In cascade models, two or more learning strategies are cascaded sequentially, with the output of one strategy serving as the input to another. For example, Danyluk's (1994) GEMINI system uses a cascade of explanation-based learning, conceptual clustering, and rule induction strategies, in that order, to combine analytical and empirical learning into a single learning system. Clearly, these categories of models are not exclusive of each other (e.g., a strategy selection system may choose to cascade learning strategies in certain circumstances), but they serve to characterize the major ways in which learning strategies may be integrated.
Research into multistrategy learning is useful on pragmatic grounds when complex worlds are the domains of learning systems. Such approaches allow for maximal flexibility. Significant interactions are present in multistrategy systems, however, that are not apparent in isolated systems. For example, if two algorithms modify the domain knowledge of the system, and a dependency exists between the two, such that one strategy modifies a part of the domain knowledge that the second one uses, then an implied sequencing must be enforced; that is, the first strategy must be applied before the second. Such dependencies do not exist in single-strategy systems. Research into multistrategy systems contributes to many such issues that pertain to applied systems.
The general model of learning from Figure 44 can be refined to a multistrategy framework as seen in Figure 45. Some input is processed by a multistrategy performance system in a manner dependent upon its goals, expectations, and the knowledge in its memory. A trace of the processing is passed to the learning subsystem.
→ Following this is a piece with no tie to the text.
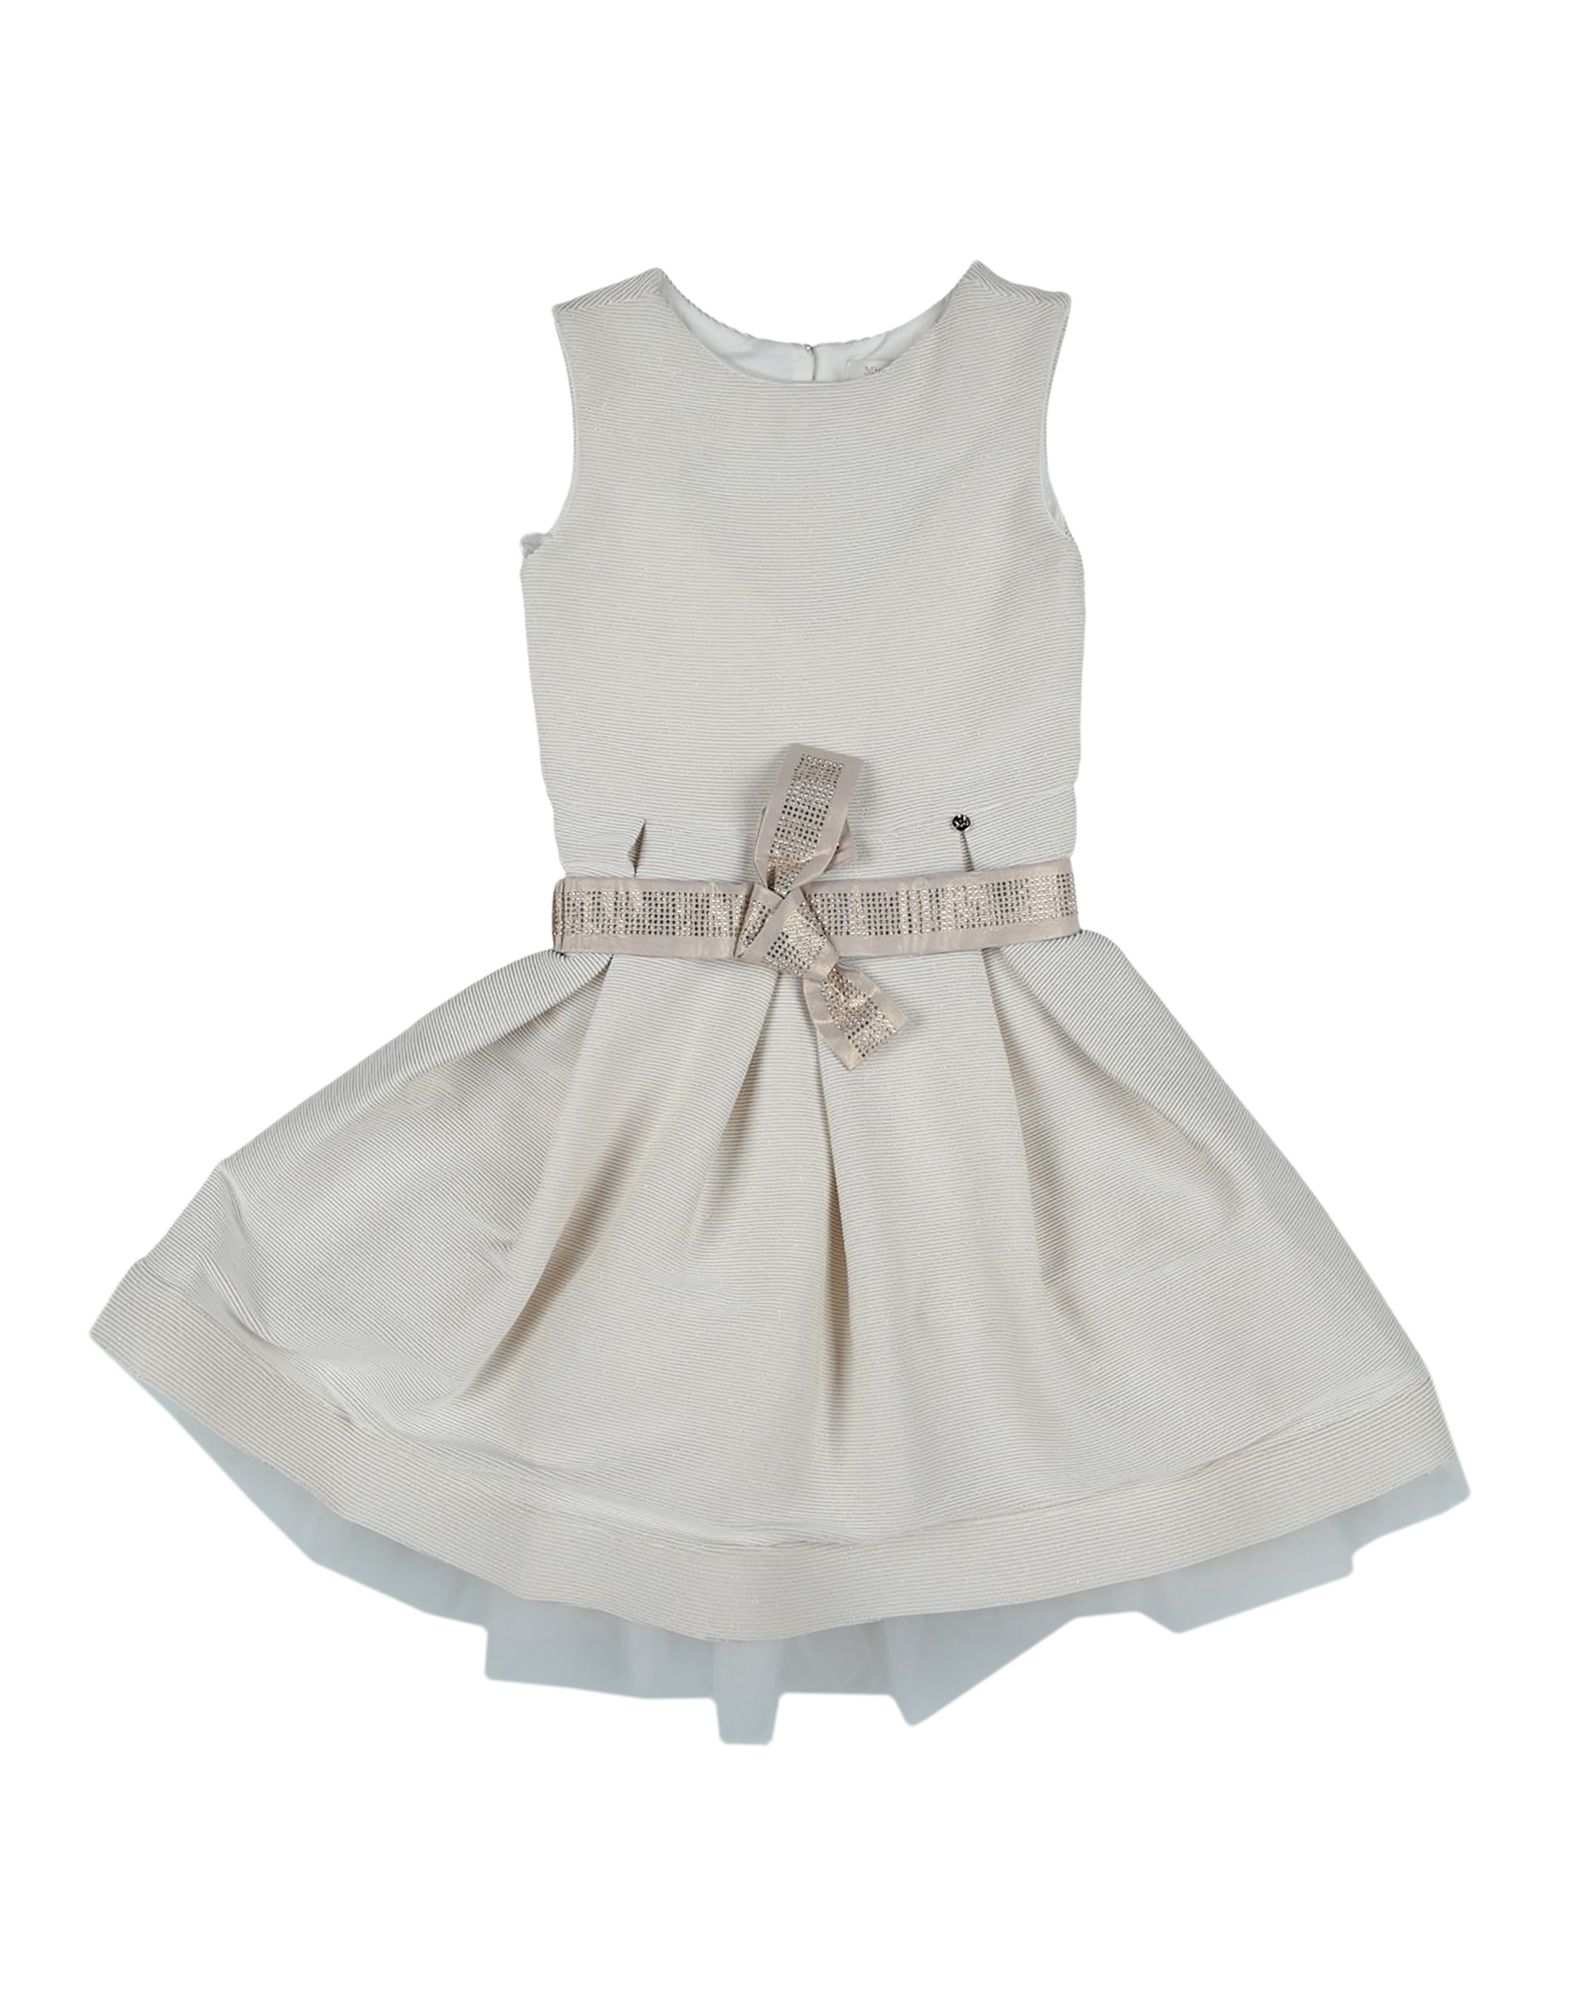 Платье miss. Платье Miss Grant для девочки. Мисс бренд платье. Белые платья для девочек на рост 128-134. Платье Miss blush.

The learning module then uses different methods from a library or toolbox of standard algorithms to make changes to the knowledge in memory. Usually, the tools selected from the toolbox are chosen by the researcher (e.g., as is with the PRODIGY system. See Veloso & Carbonell, 1994, or Carbonell et al., 1991). The goal of this dissertation is to specify a method by which to automate this choice and combination.
Figure 45. Model of introspective multistrategy learning
The performance system records its reasoning during story understanding in a TMXP trace structure as described in Section 4.4.1 (p. 81). These knowledge structures contain representations for each of the reasoning sub-processes: anomaly identification, hypothesis formation, and verification (see Figure 43 on page 113). For each, the structure records the considerations that prompted the process, the bases for making a reasoning strategy decision, and the result of strategy execution. After reasoning completes an inference chain, the reasoning trace is passed to a learning process if a failure is detected.
The learning model itself has three processes. It must monitor the performance system to check for failures, explain and learn from the failure when detected, and, in the ideal model, it should verify that the learning was reasonable. Figure 46 illustrates these three tasks and the information passed between them.
Figure 46. Sub-processes of learning
The first process performs failure detection. As outlined in Section 3.2, five types of failures can occur. Failure detection inputs two structures (an expected outcome, E, and the actual outcome, A) and the trace of the reasoning producing these knowledge structures. The algorithm for this process is shown in Figure 47. The detection process occurs either during the verification phase of the performance task of the system or during the generation phase after a resumption of a suspended generation goal. This second condition occurs after the performance system previously tried to generate a hypothesis, but could not. The generation phase suspends the goal and new input later provides the answer. See impasse condition in Figure 47. Along with the trace, the process outputs a determination of which of the failures exist (if any) to the next phase.
Figure 47. Failure detection algorithm
The second phase concerns the actual determination of the causes of failure and the construction of a learning strategy which is then executed. The strategies from which it may construct a learning plan is dependent upon the IMXP structures in memory. Although this phase will be dealt with in detail by the next section, alternate strategies that may result include combinations of fine-grained knowledge transmutations or more global approaches such as a student's strategy of re-reading instructions when all else fails. The output of the phase is an implicit hypothesis that the learning was correct along with an augmented trace. The changes to the BK from learning are attached to the TMXP and are indexed in memory where the changes occur.
The third phase concerns verification. Although beyond the scope of this thesis and more suitable for future research, verifying the learning could involve either of two strategies. The system could be reminded of a change to the BK (as associated with the TMXP and described above) at some future time when the changed knowledge is reused. The learning can then be checked as to whether it is effective. Alternatively, the system could actually make a deliberate test of the newly learned knowledge by trying to falsify the information. When either of these processes finish, the verification phase would output an evaluation of the quality of learning.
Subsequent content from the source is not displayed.